Illinois government workers won a temporary halt to a 2013 law passed to fix the state’s $100 billion pension shortfall while they fight it in court.
The law would reduce cost-of-living adjustments and raise the retirement age for workers who are now 45 or younger. The unions have sued Illinois Governor Pat Quinn, a Democrat, and other officials, contending the reductions are barred by the state’s constitution.
Circuit Court Judge John Belz in Springfield, the state capital, yesterday stopped the scheduled June 1 implementation of the law pending a final decision on whether the benefit cuts in the measure are permissible.
Illinois has the most underfunded pension system in the nation and led U.S. states in losing ground every year from 2007 to 2012 in socking away enough assets to pay retired workers. It was the most-populous of five states, including Kentucky, North Dakota, Oregon and Vermont, where pension-funding ratios fell at least 21 percentage points during those years, according to data compiled by Bloomberg.
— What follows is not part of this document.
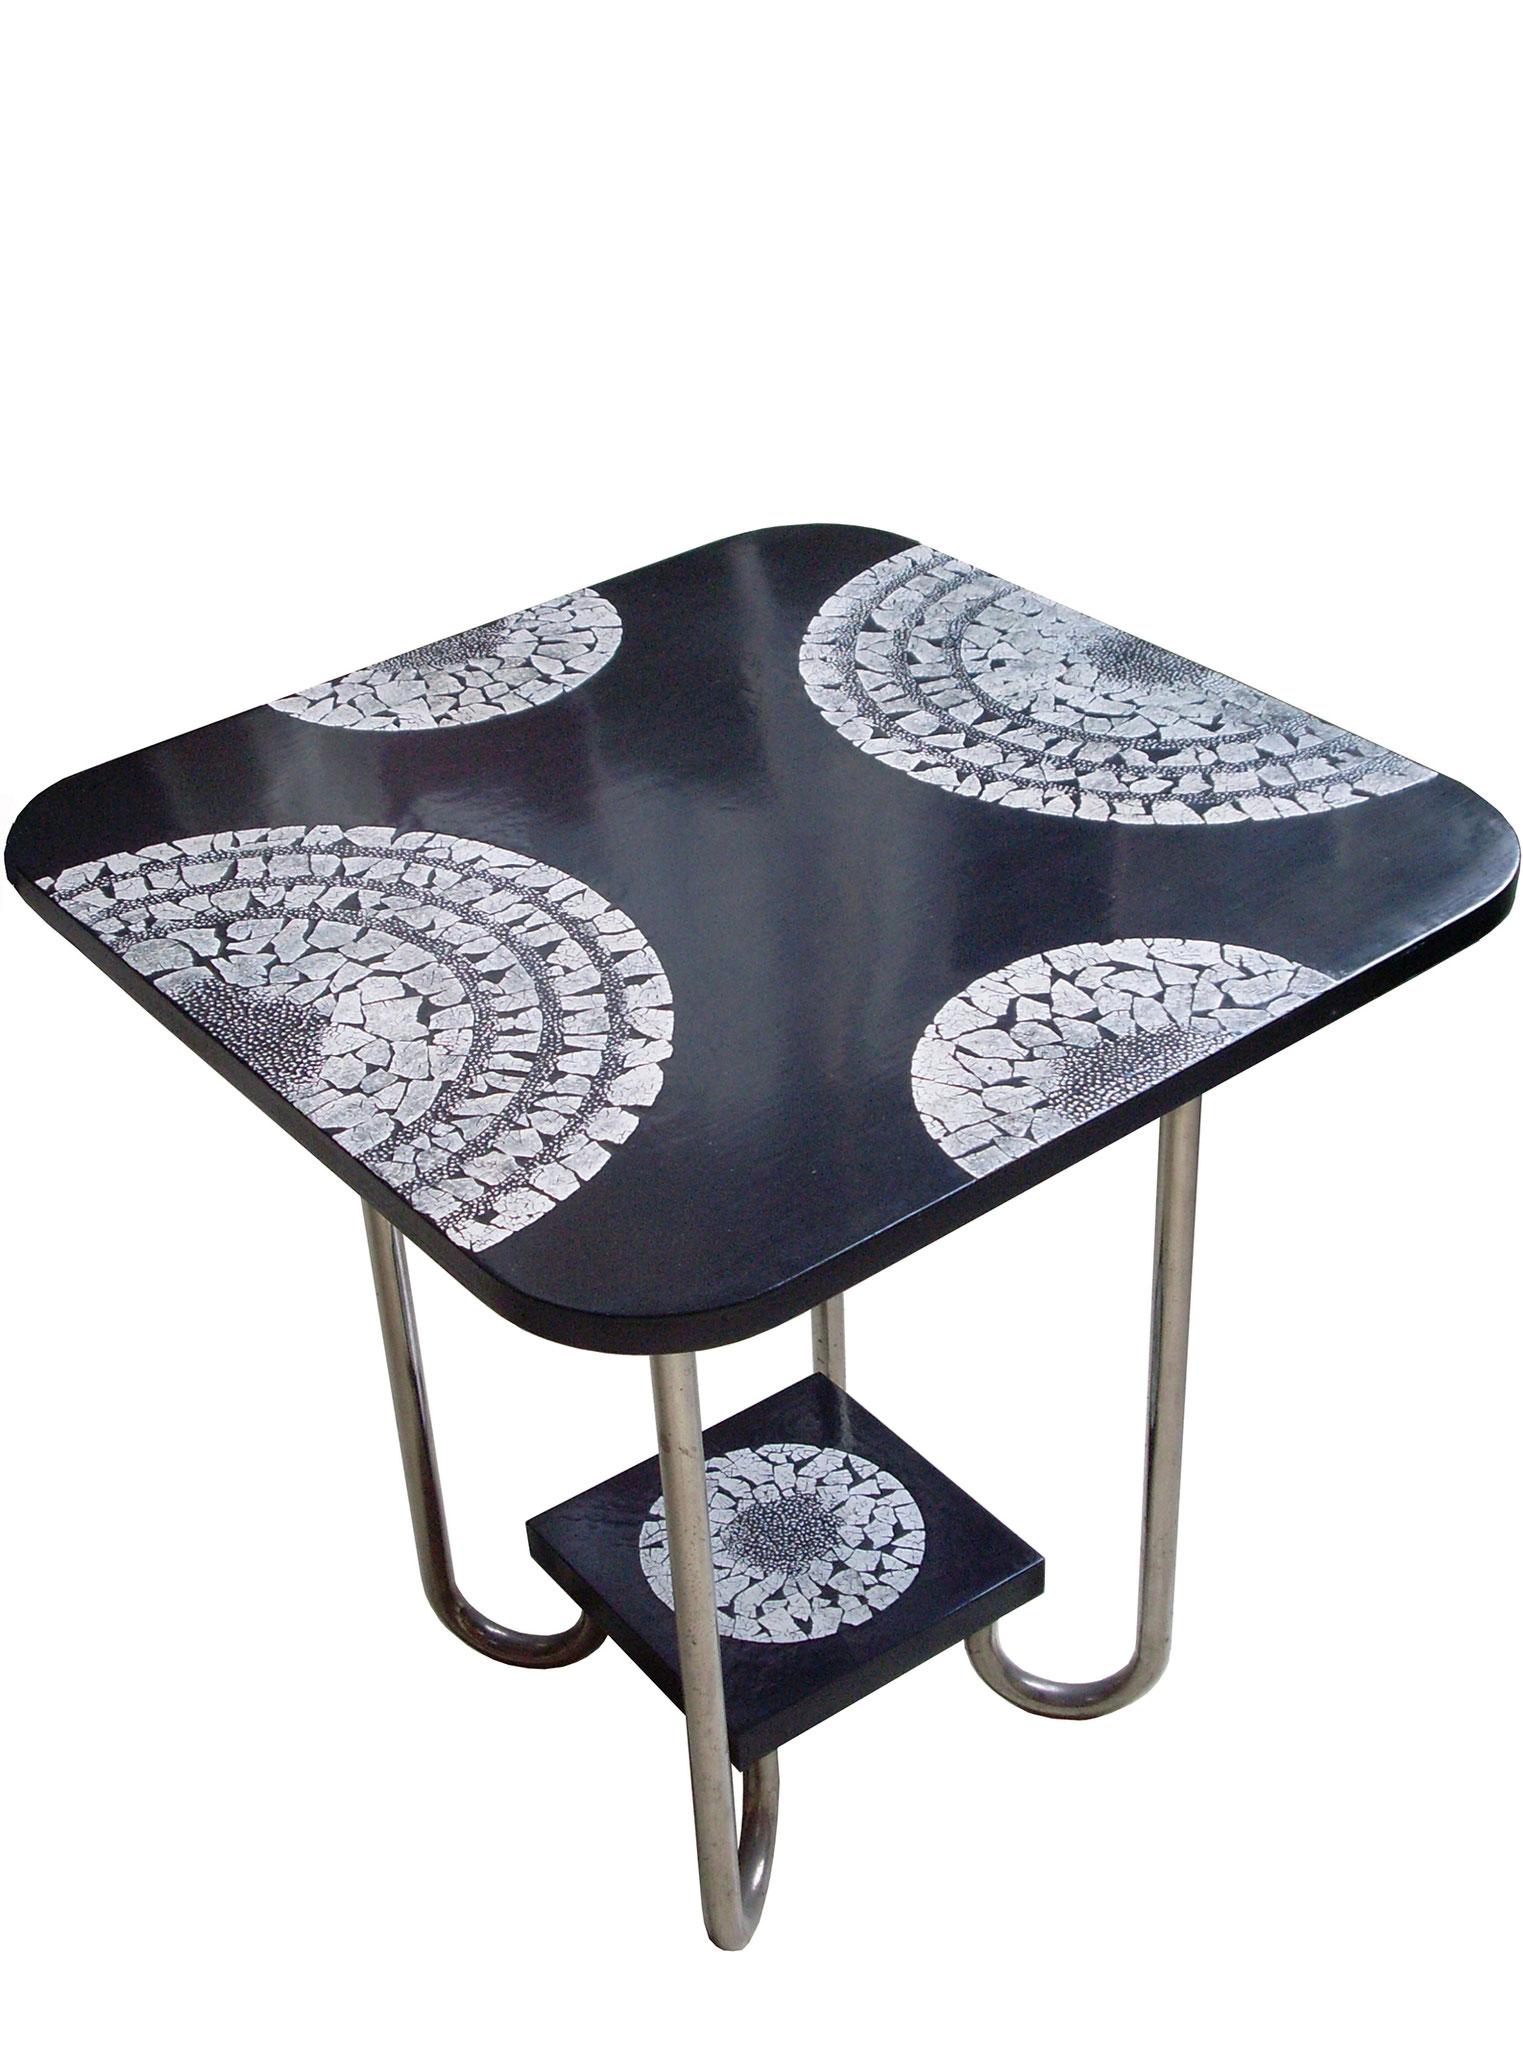 Table basse laquée avec incrustations de coquilles d'œufs - Ancien meuble des années 40 - 36 x 41 cm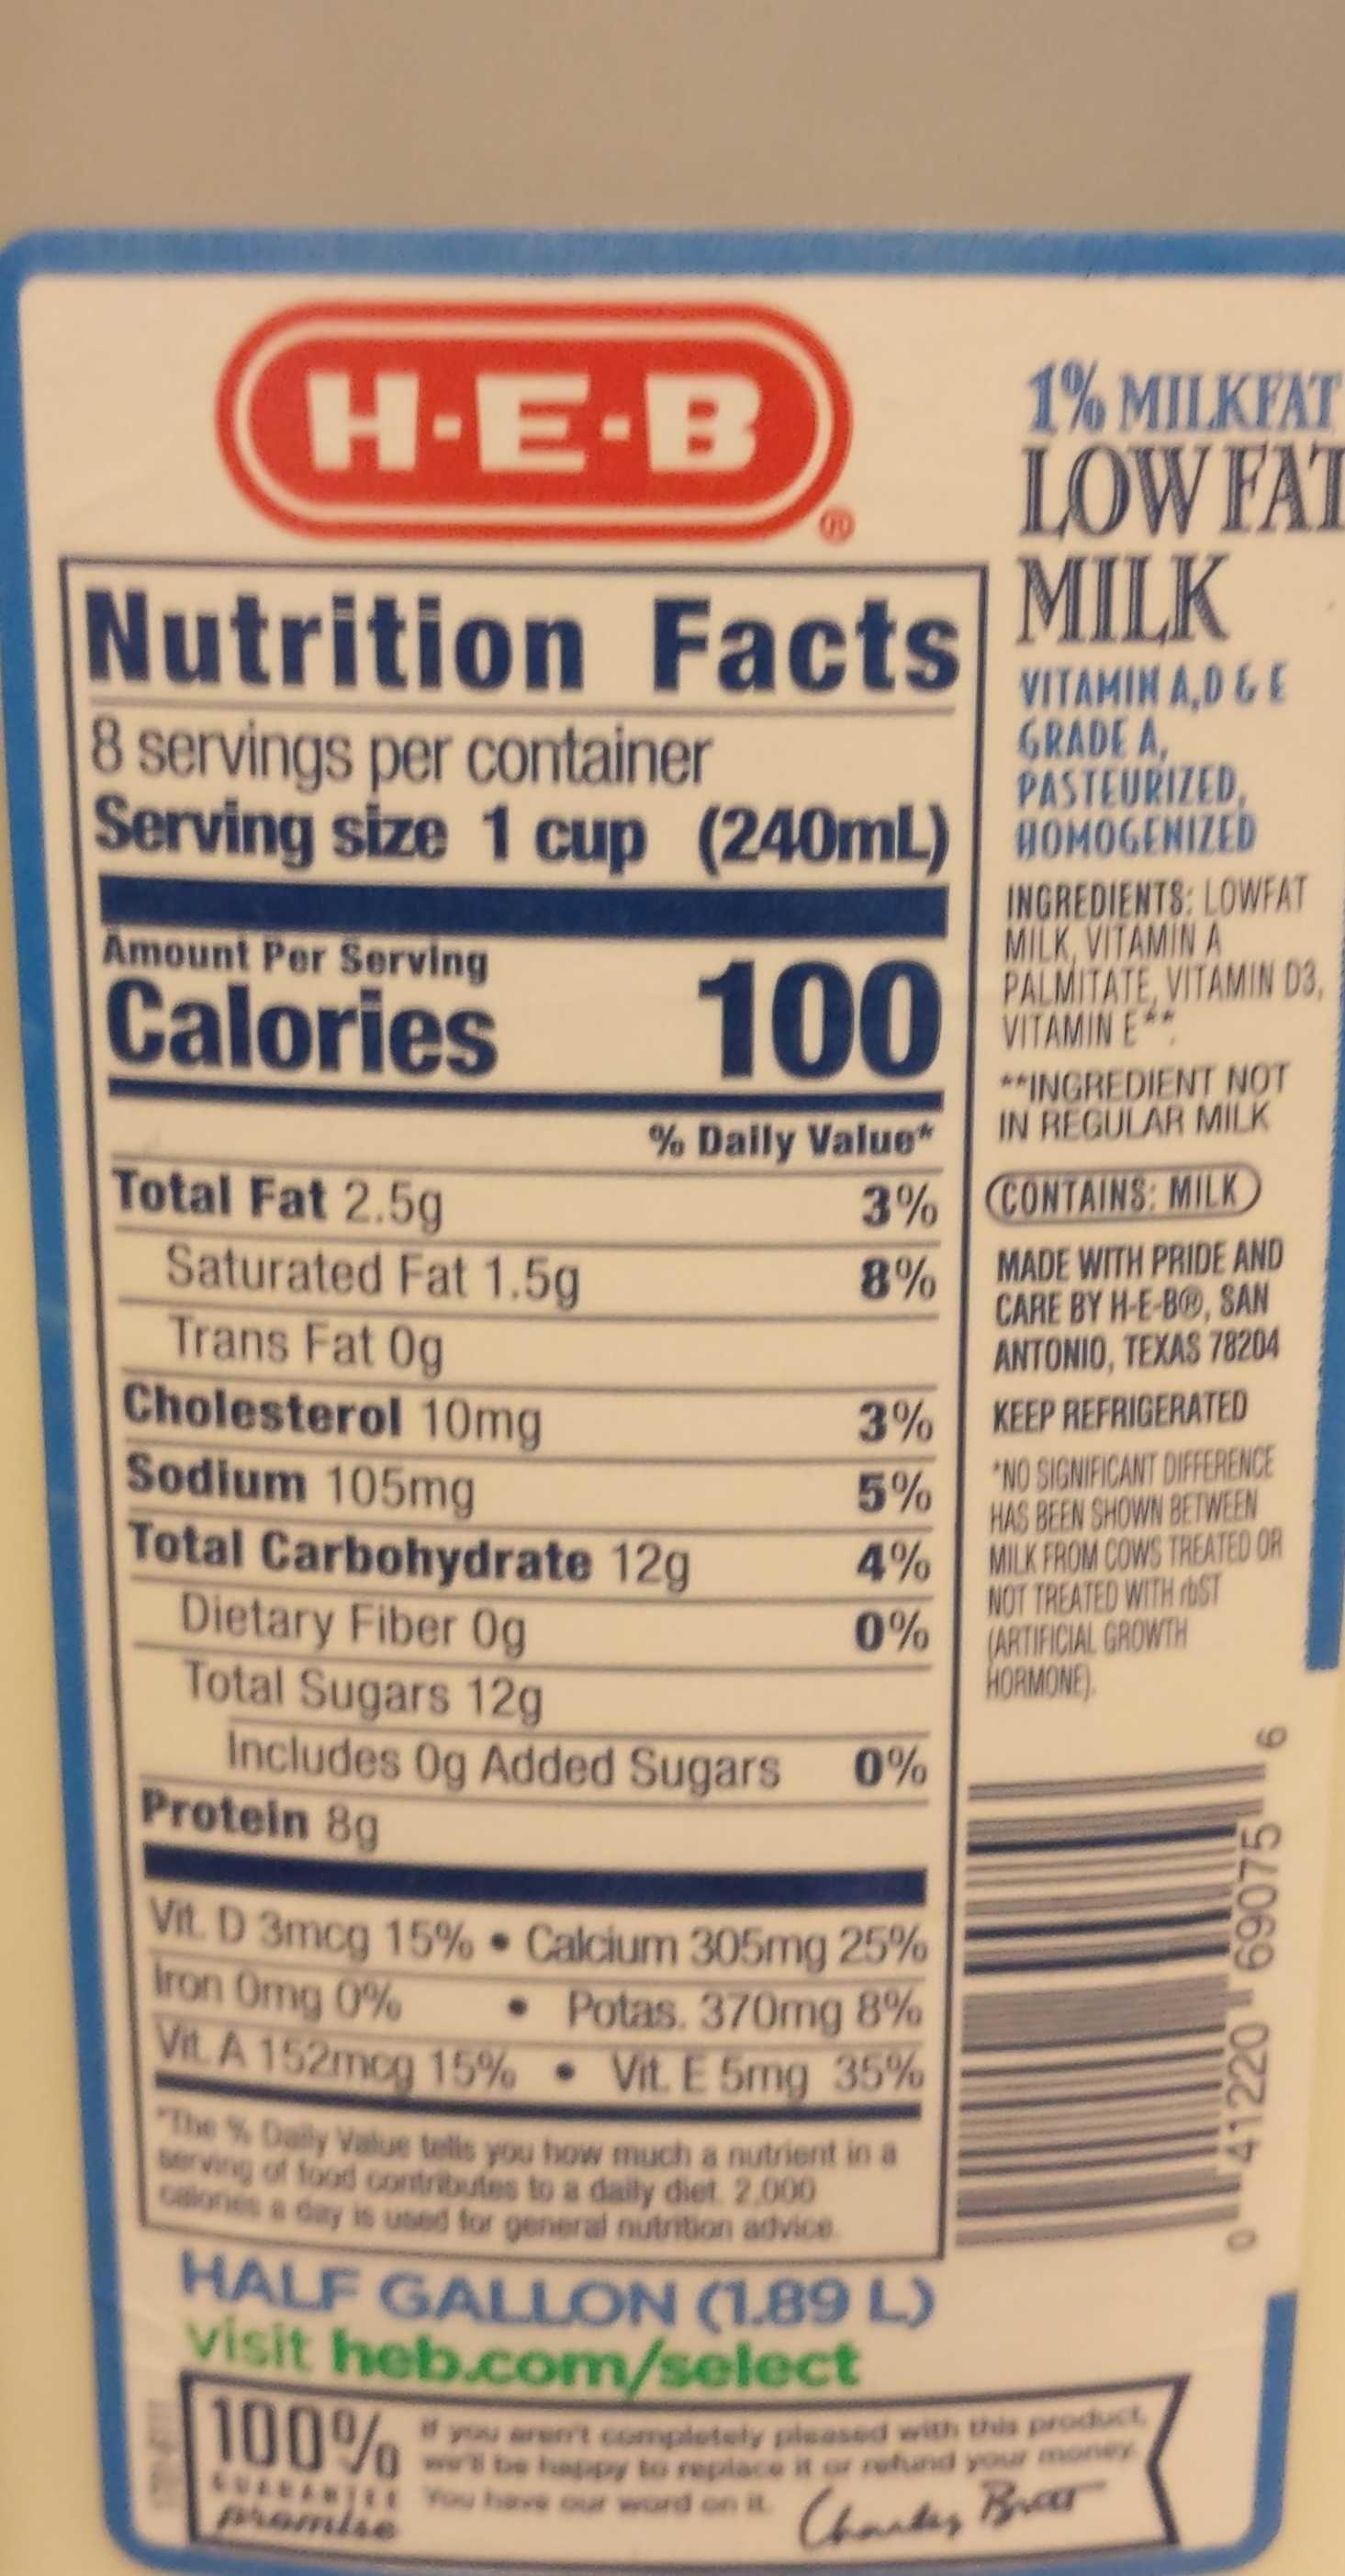 Low fat 1% milk - Nutrition facts - en

Belz’s order will hurt taxpayers, Natalie Bauer, a spokeswoman for Illinois’ Democratic attorney general, Lisa Madigan, said in a statement.
“The goal of the pension reform law is to stabilize the pension systems,” she said. “Unfortunately, this decision will likely further burden the systems.”
The halt is “an important first step in our efforts to overturn this unfair, unconstitutional law and protect retirement security,” Michael T. Carrigan, president of the Illinois AFL-CIO, said in statement.
The union cases are in In re: Pension Reform Litigation, 2014 MR 1, Circuit Court, Sangamon County, Illinois (Springfield).